だからムーコが一番ダウンしてるのか……。たくさん骸骨と戦ったから……。
「退魔師の必需品よ。常に身につけておきなさい」
「……いただいていいんですか?」
「ええ。それは国からの『支給品』よ。今、国は退魔師を求めているからね。最近そういうのも無料で支給されるようになったの。と言っても、それは元々手軽に購入出来るものだけどね」
そうなんだ……。
ありがたくおねーさんから『瘴気除けのお守り』を受け取り、首からかける。
「あとはこれ。『ホテイ袋』はわかる?」
「あ、はい……大丈夫です」
ホテイ袋……。死体回収の人やテント売りさんが使ってた袋で、見た目よりもたくさん物が入る『宝具』だ。

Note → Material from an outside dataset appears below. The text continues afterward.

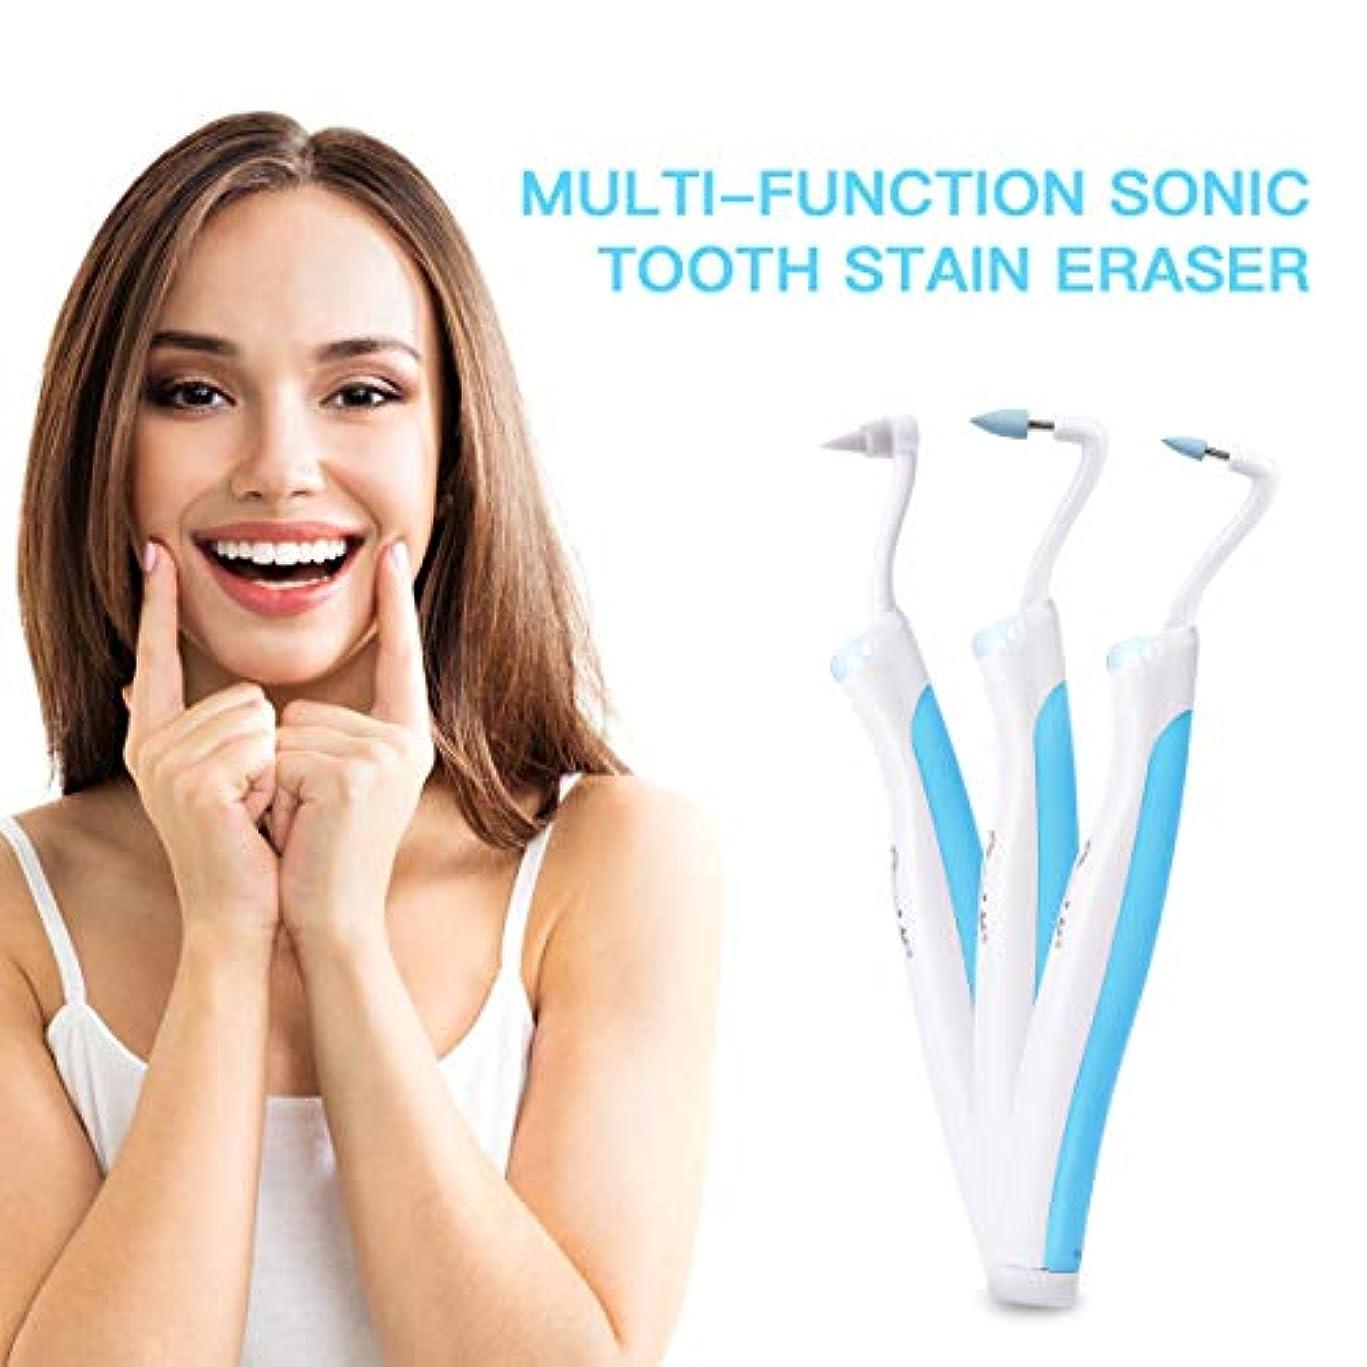 派手容赦ないコンパニオン歯の消しゴム 電動 LED 歯科用ツール 歯間クリーナー CkeyiN 歯石取り 歯垢取り 口腔ケア オーラルケア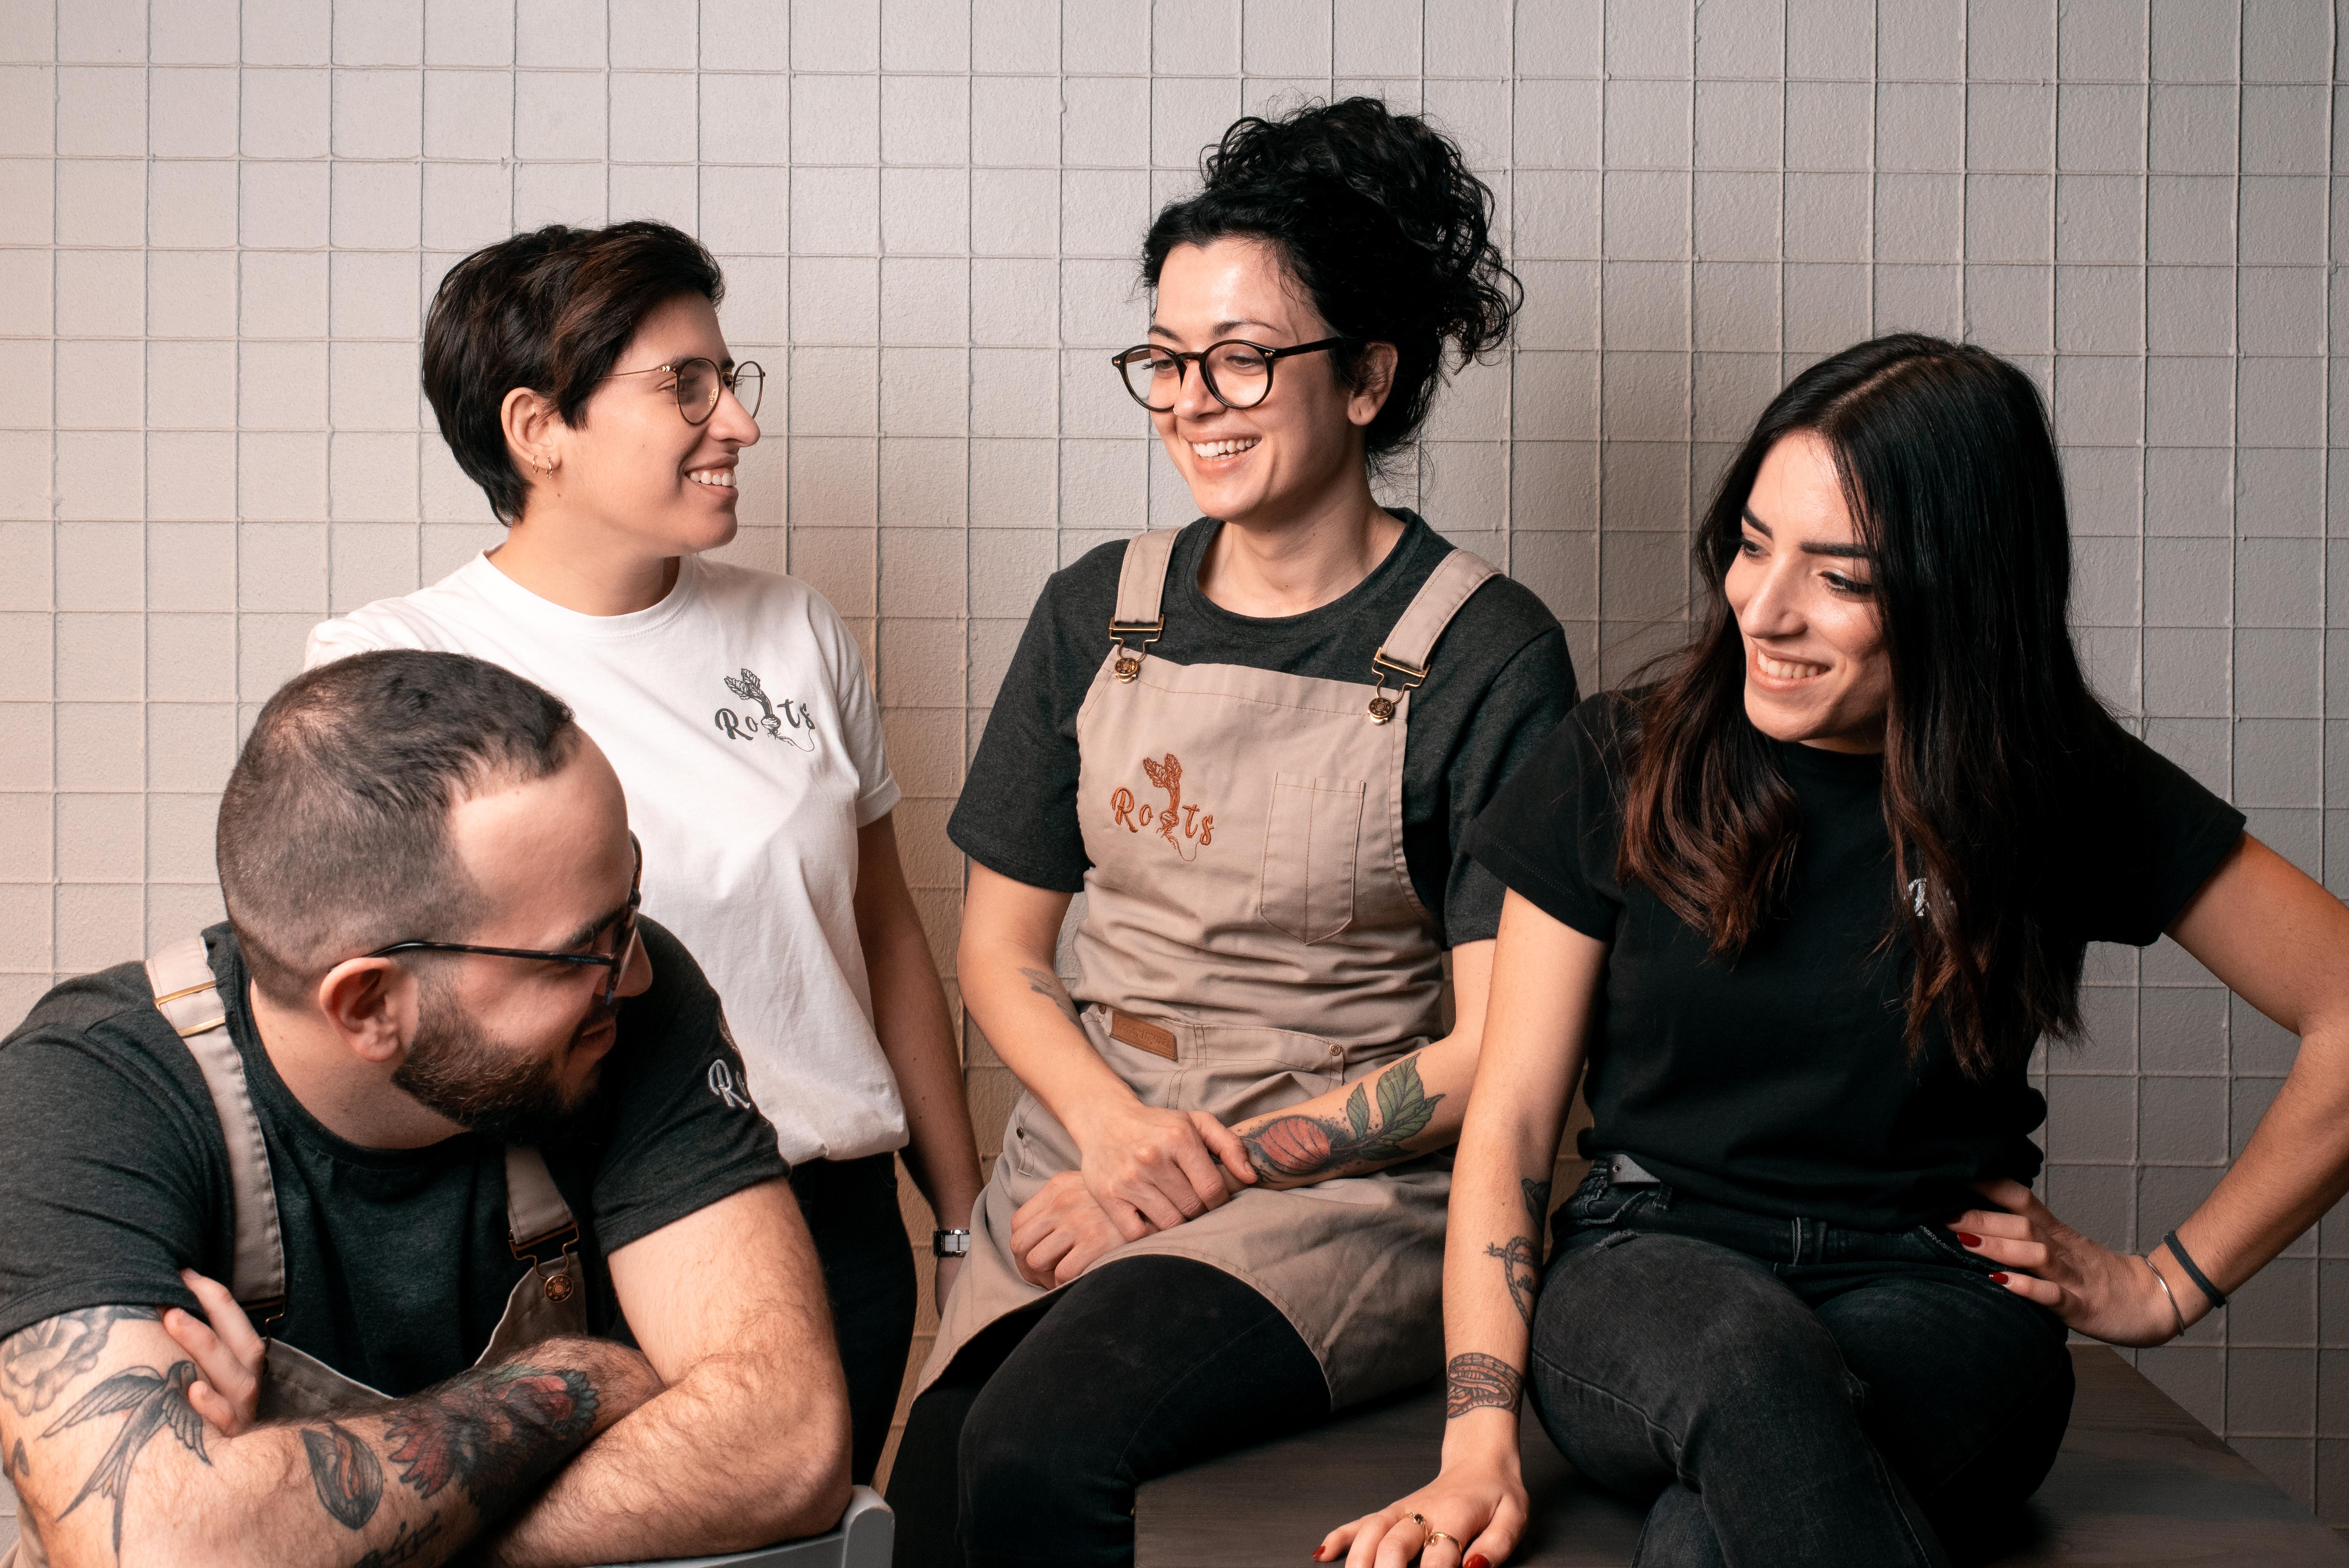 ROOTS - Il team al completo di Roots - ALESSANDRO, CECILIA, MARTINA E GIULIA (2)

「骸骨の『呪物』を入れるのに便利よ。いくら『瘴気除け』を身につけてても、直接持ち続けるのは良くないからね。これも持ってないなら、使ってね」
「ありがとうございますっ」
「他にも『正式な退魔師』として認定されたらいろいろと『特典』が受けられるけど、あなたは急がなきゃだし、そういう話はまた今度にして、あとは骸骨狩りについて最低限の説明だけするわね」
「はい。お願いします」
それから3分ほど、簡単な説明を受けた。
主に骸骨の倒し方──頭蓋骨と背骨を破壊すれば、『呪物』になるって事と、それ以外の換金できる『戦利品』についてだった。
あとはまぁ、『新人は十人に一人は、亡くなるからね。それもみんな、チームで動いている人達の話だから、単独で入るキミは充分に気をつけるように』とか言われた。
「じゃ、表の大通りを右へまっすぐ行くと国の出入り口。さらにそのまま真っ直ぐ行けば『見習いの森』よ。いってらっしゃい。死なないようにね」
「はい!」
オレは出口へと向かう。
背後から声がかかる。
「お仲間さんは早く栄養さえとれば、きっと助かるわ。お金は貸してあげられなくて申し訳ないけど、がんばって。応援してるわ」
おねーさんが少し申し訳なさそうに言う。
なんか逆に申し訳ない。
「いえ、ありがとうございます!」
オレは頭を下げて換金所を出た。